## GIVEN DATA
════

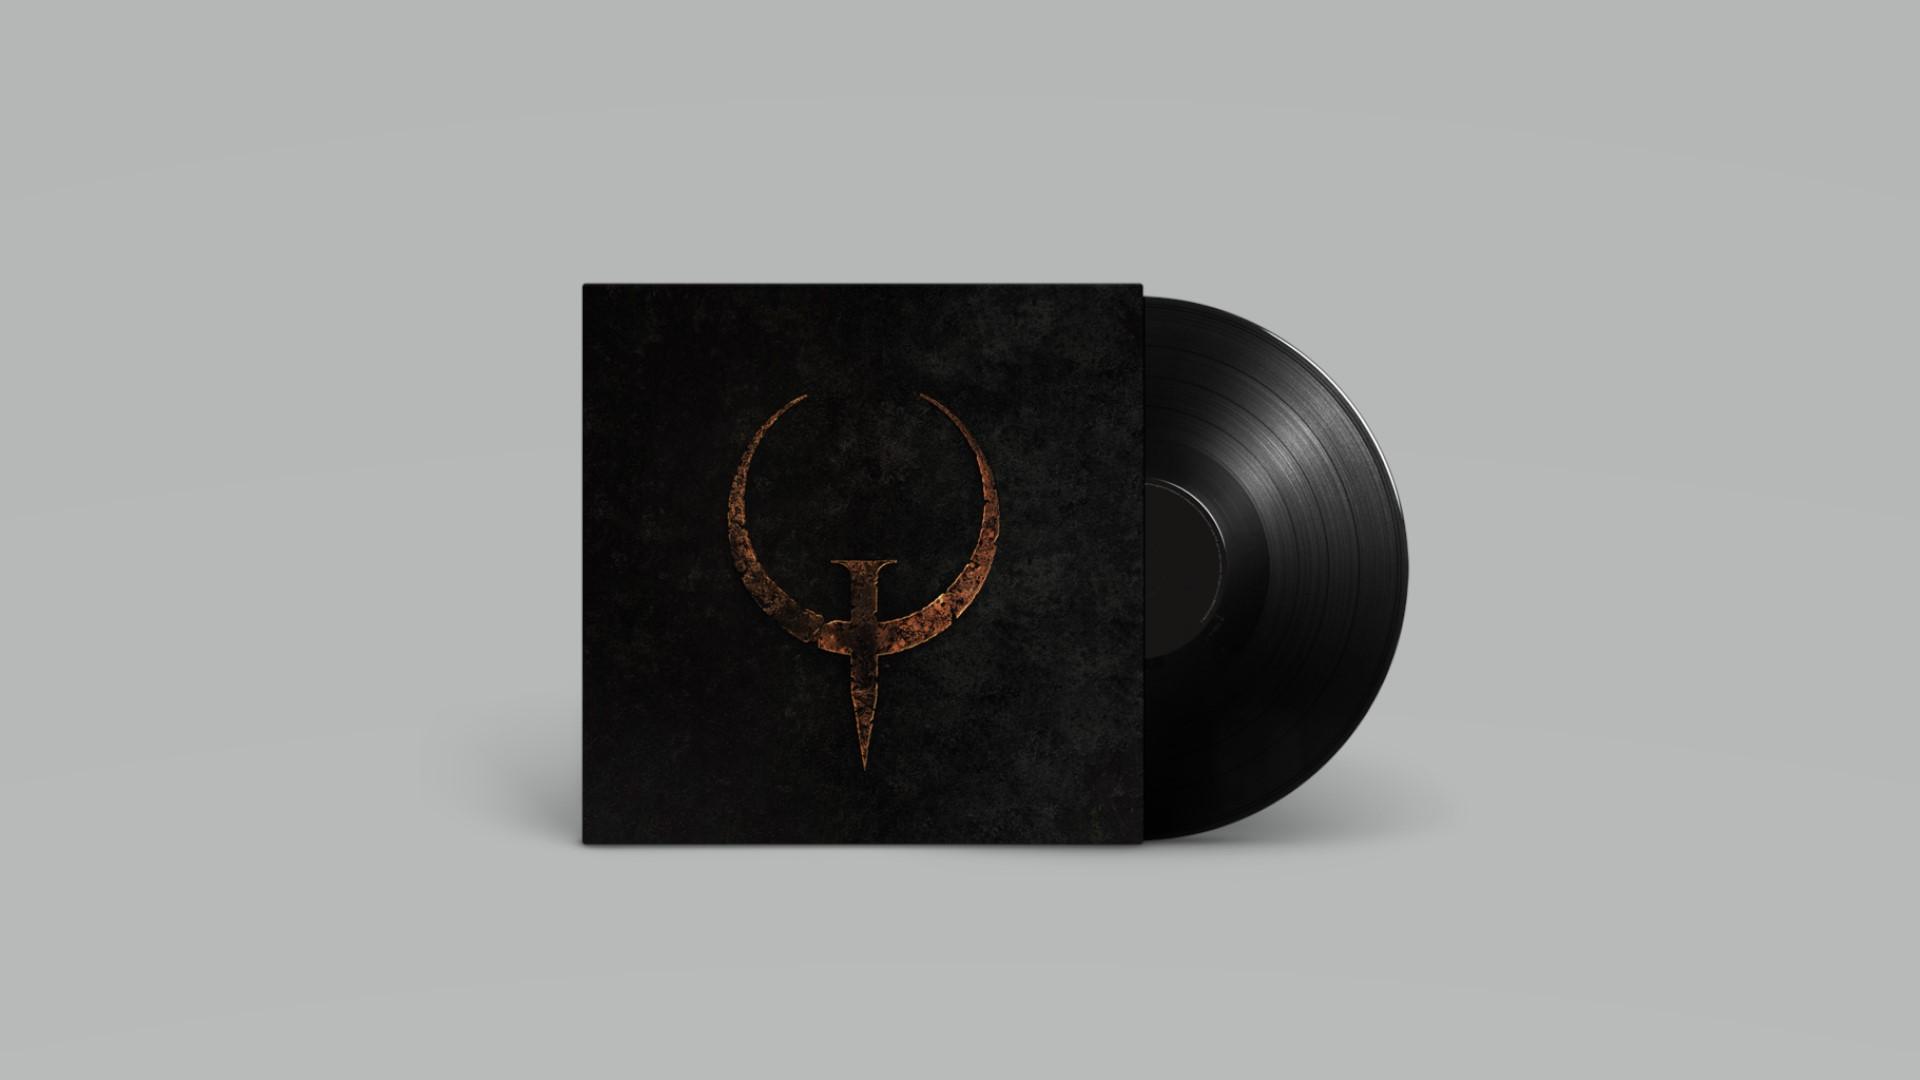 Nine Inch Nails' Quake soundtrack gets a vinyl remaster
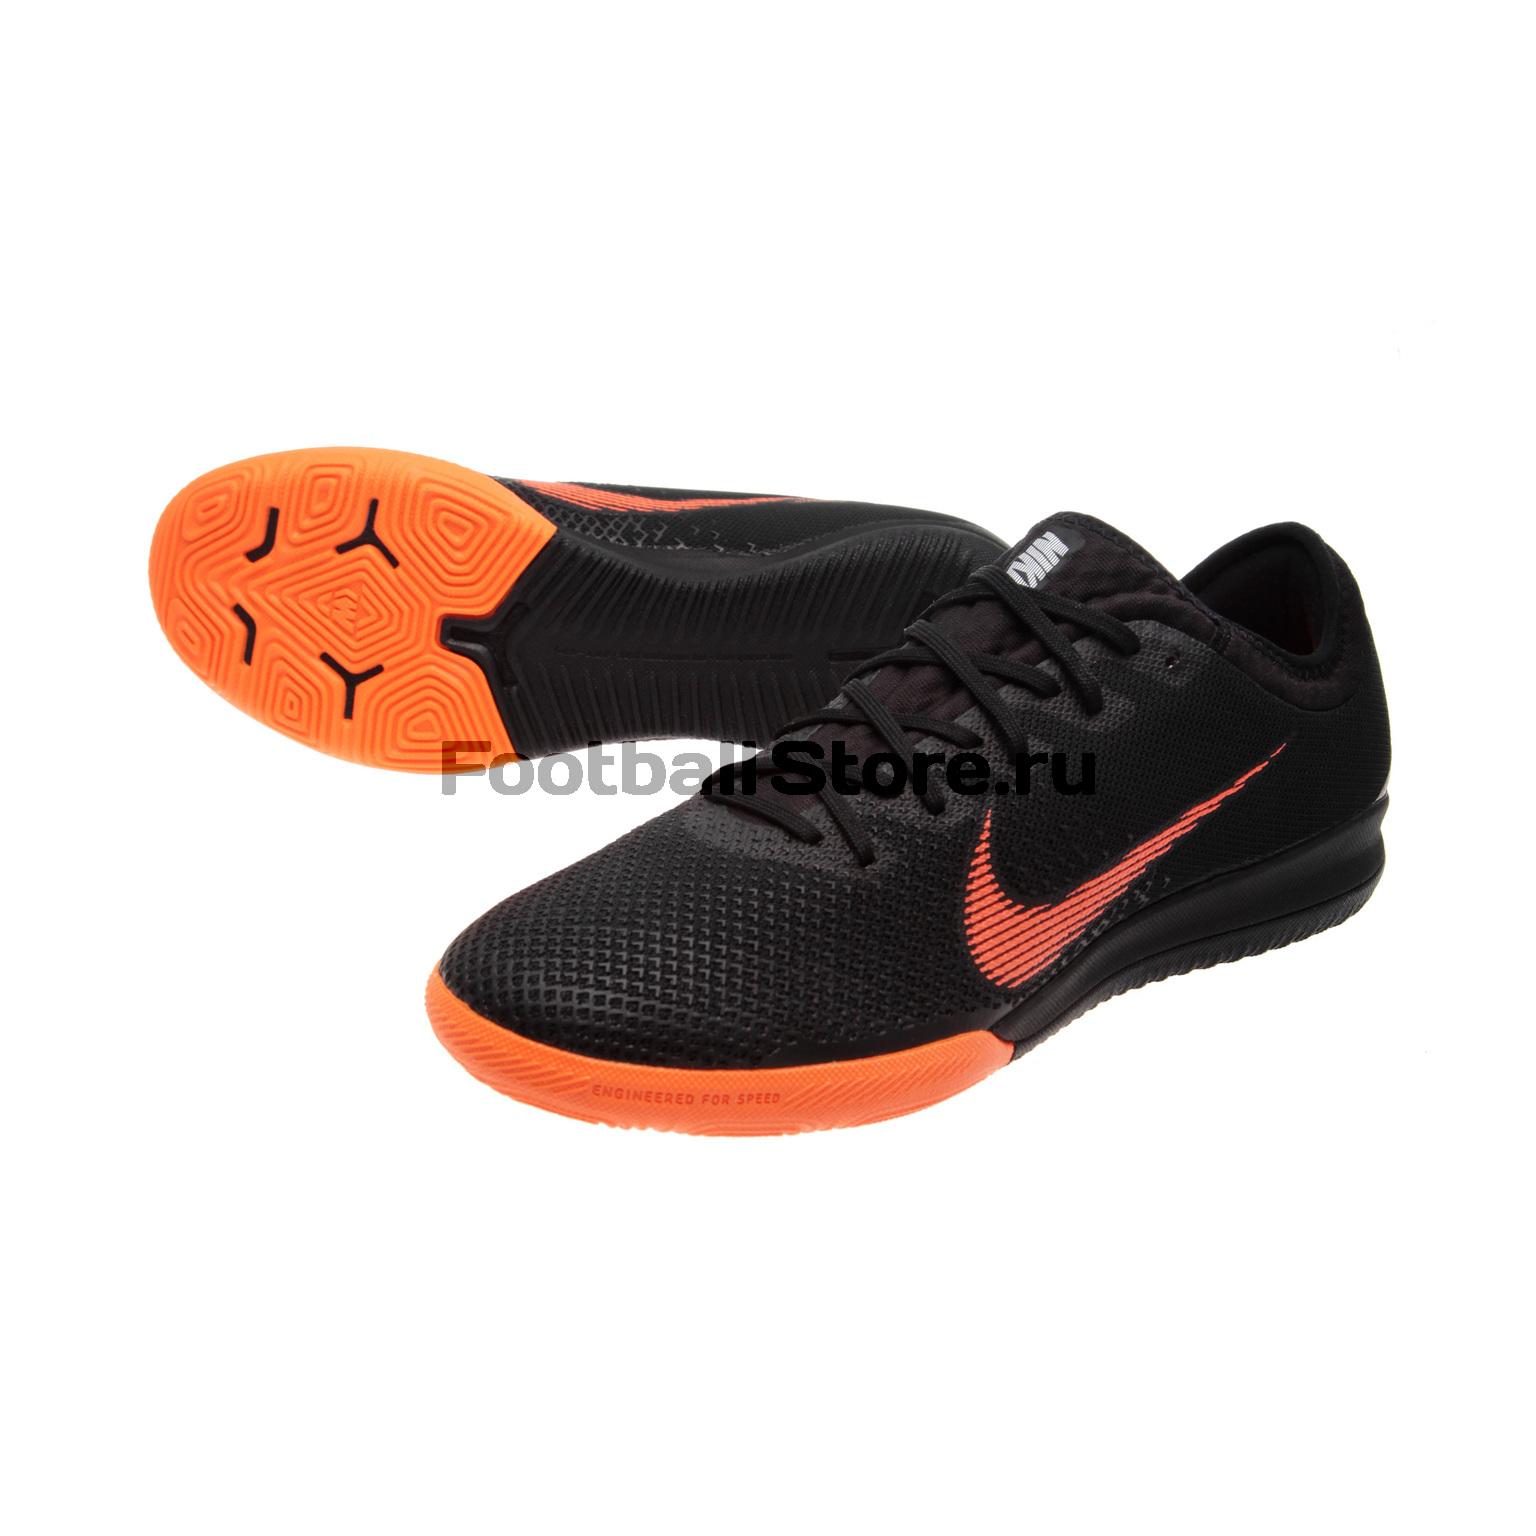 Обувь для зала Nike VaporX 12 Pro IC AH7387-081
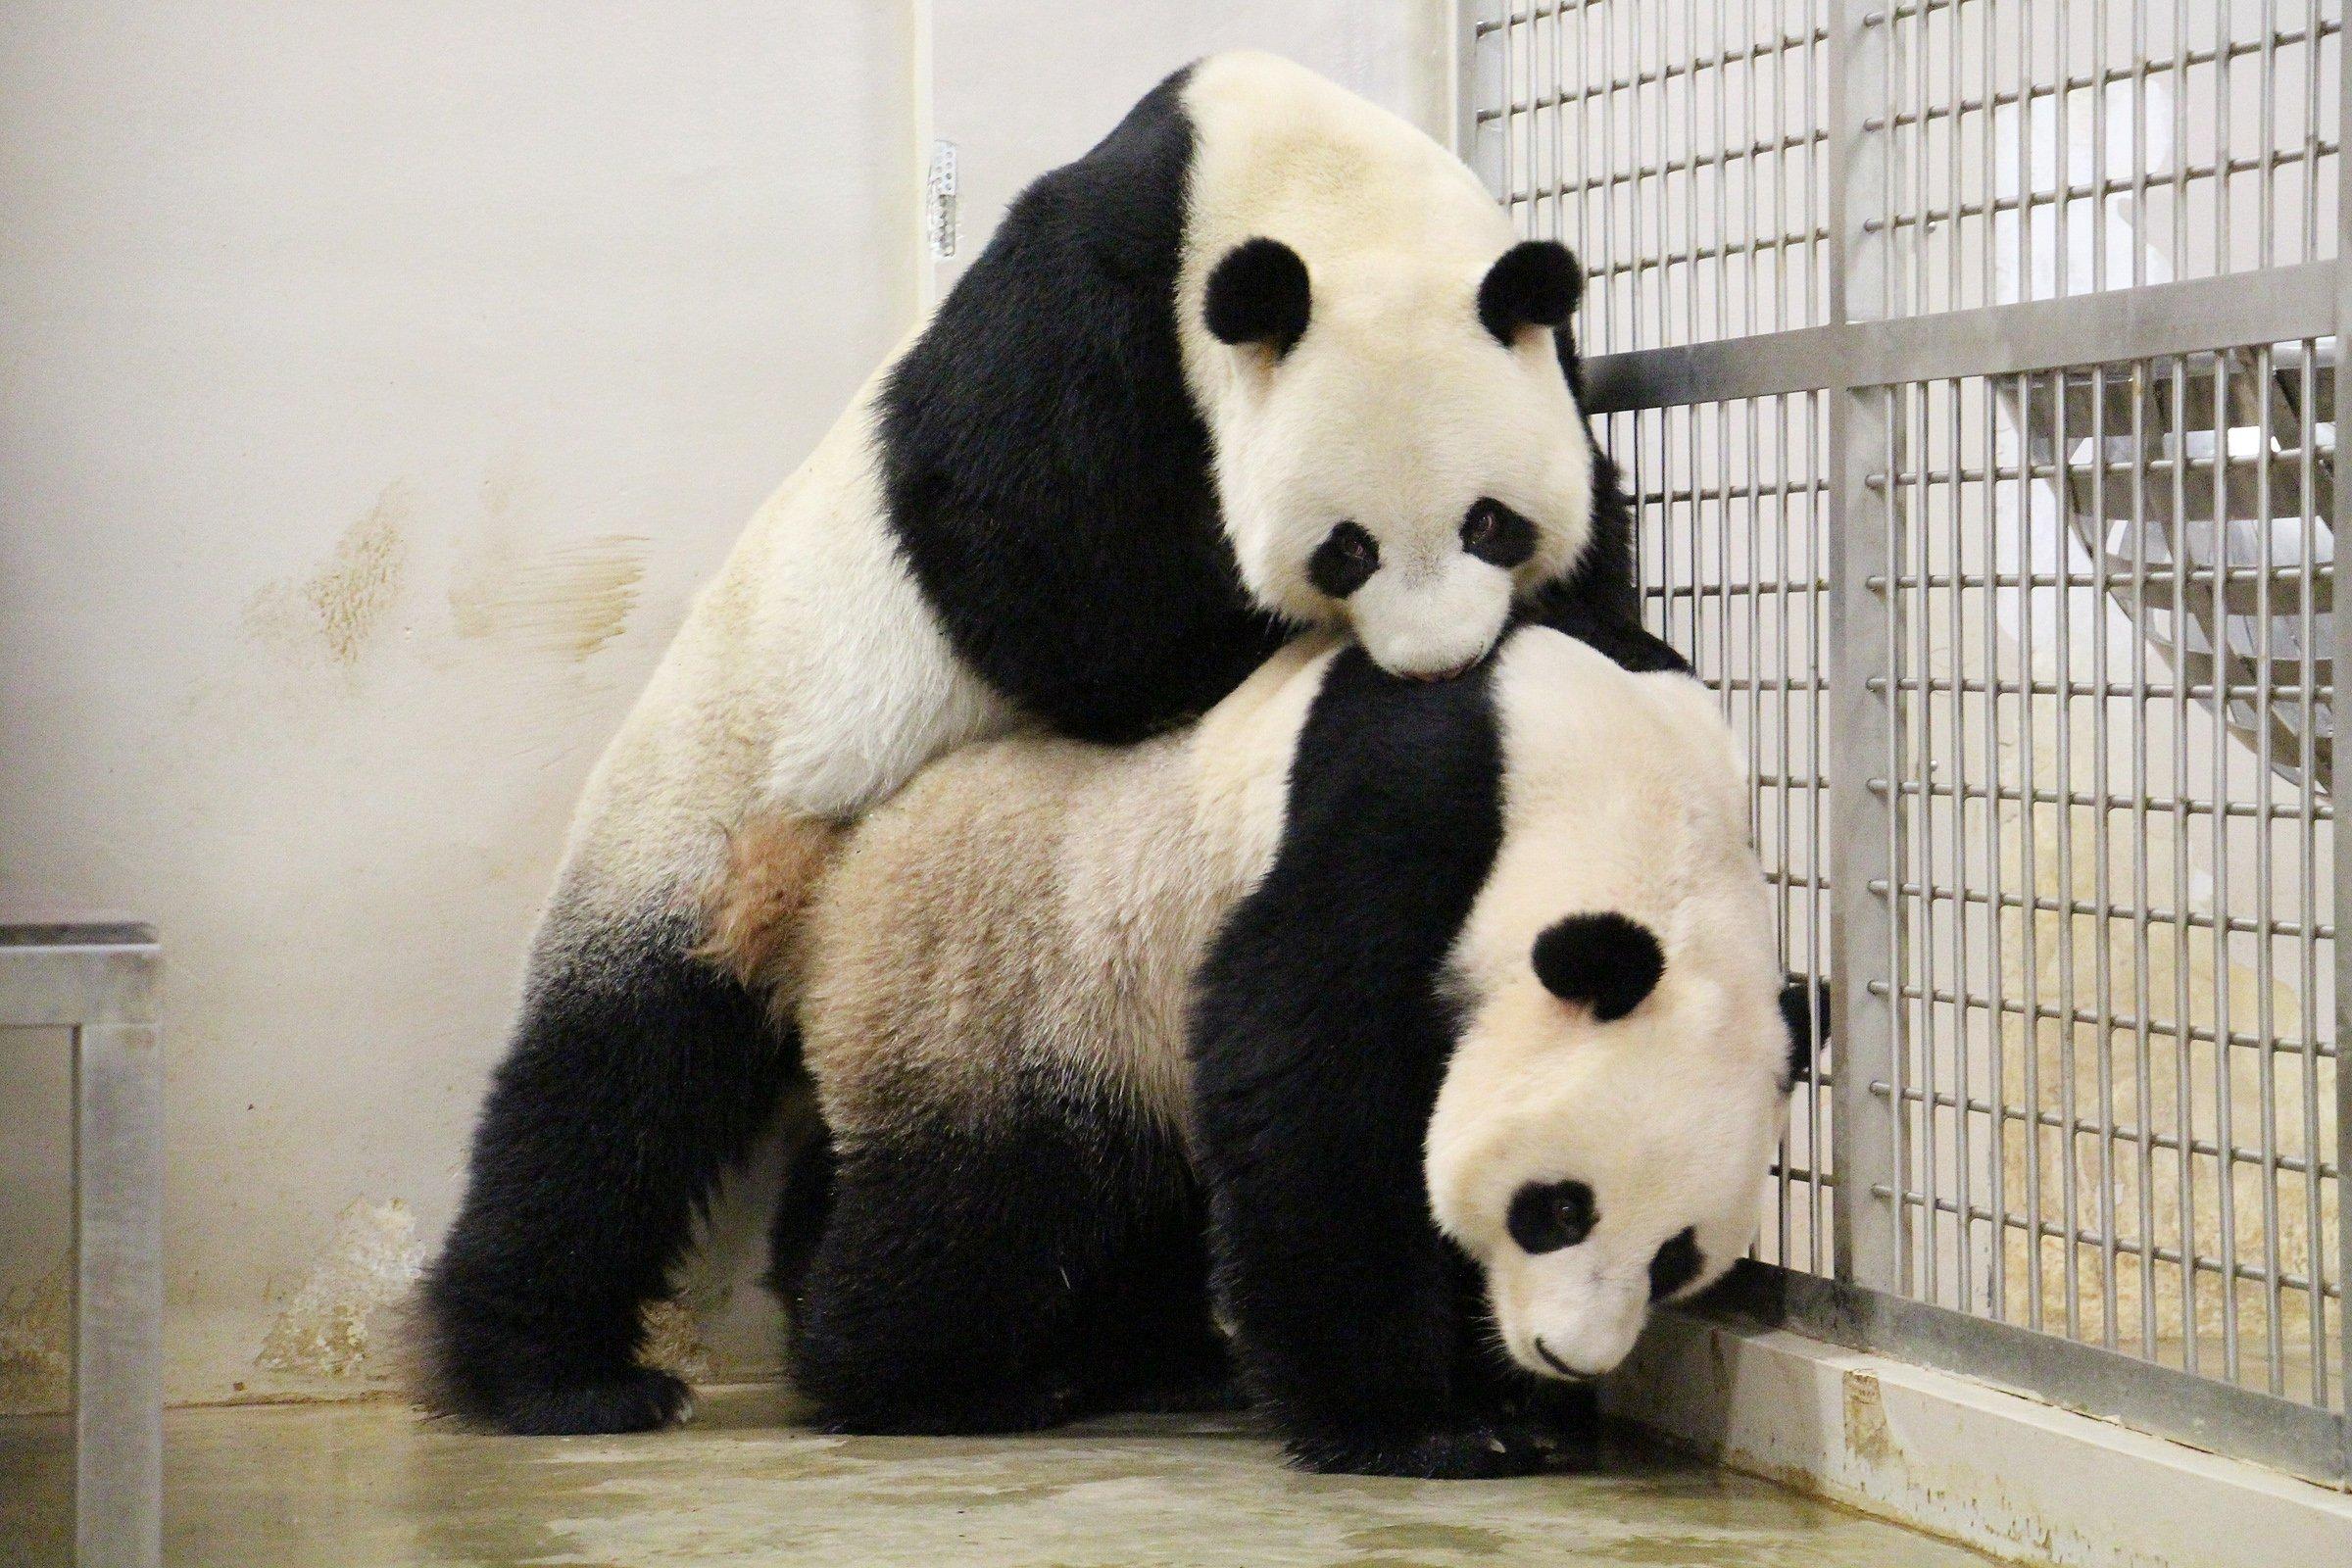 Singapore Invades Pandas Privacy and Showcases #PandaPorn
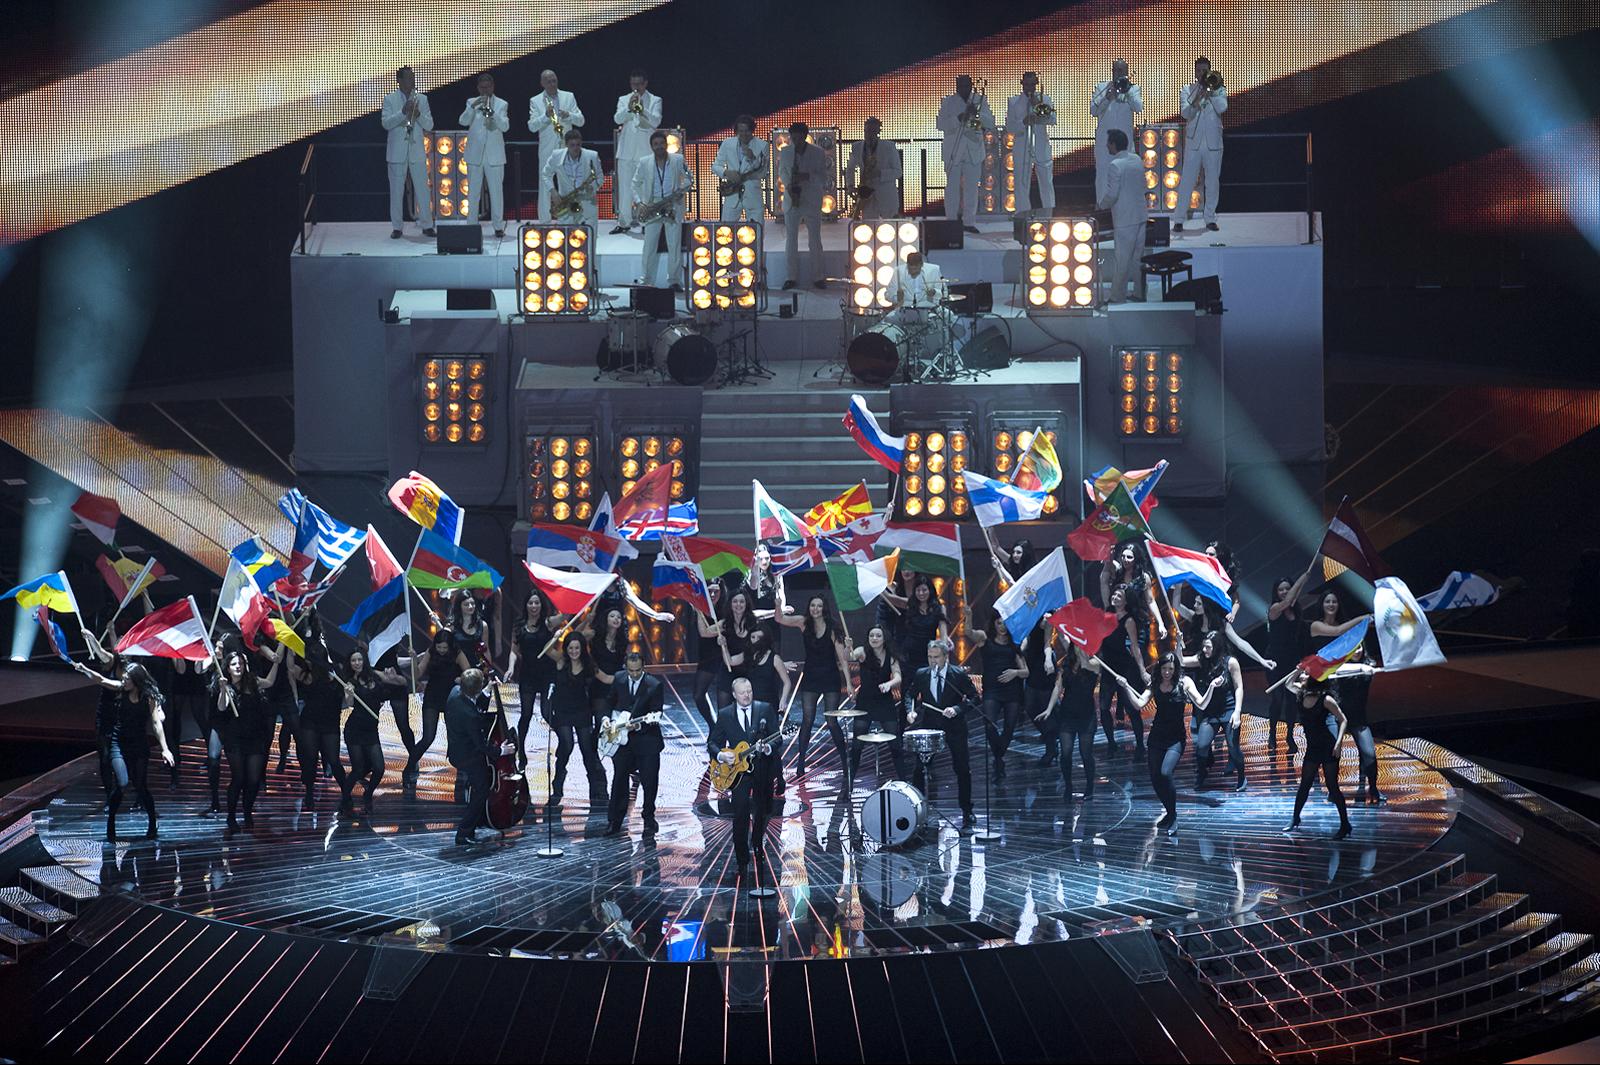 Opening Eurovision act in Düsseldorf in 2011

════

## EXERCISE GOAL
Would you set down, word for word, the lines running from the one that contains "Singapore Invades Pandas" to the last line of the material, omitting all pictures?

## RESPONSE TO THE EXERCISE
 Singapore Invades Pandas Privacy and Showcases #PandaPorn
 Opening Eurovision act in Düsseldorf in 2011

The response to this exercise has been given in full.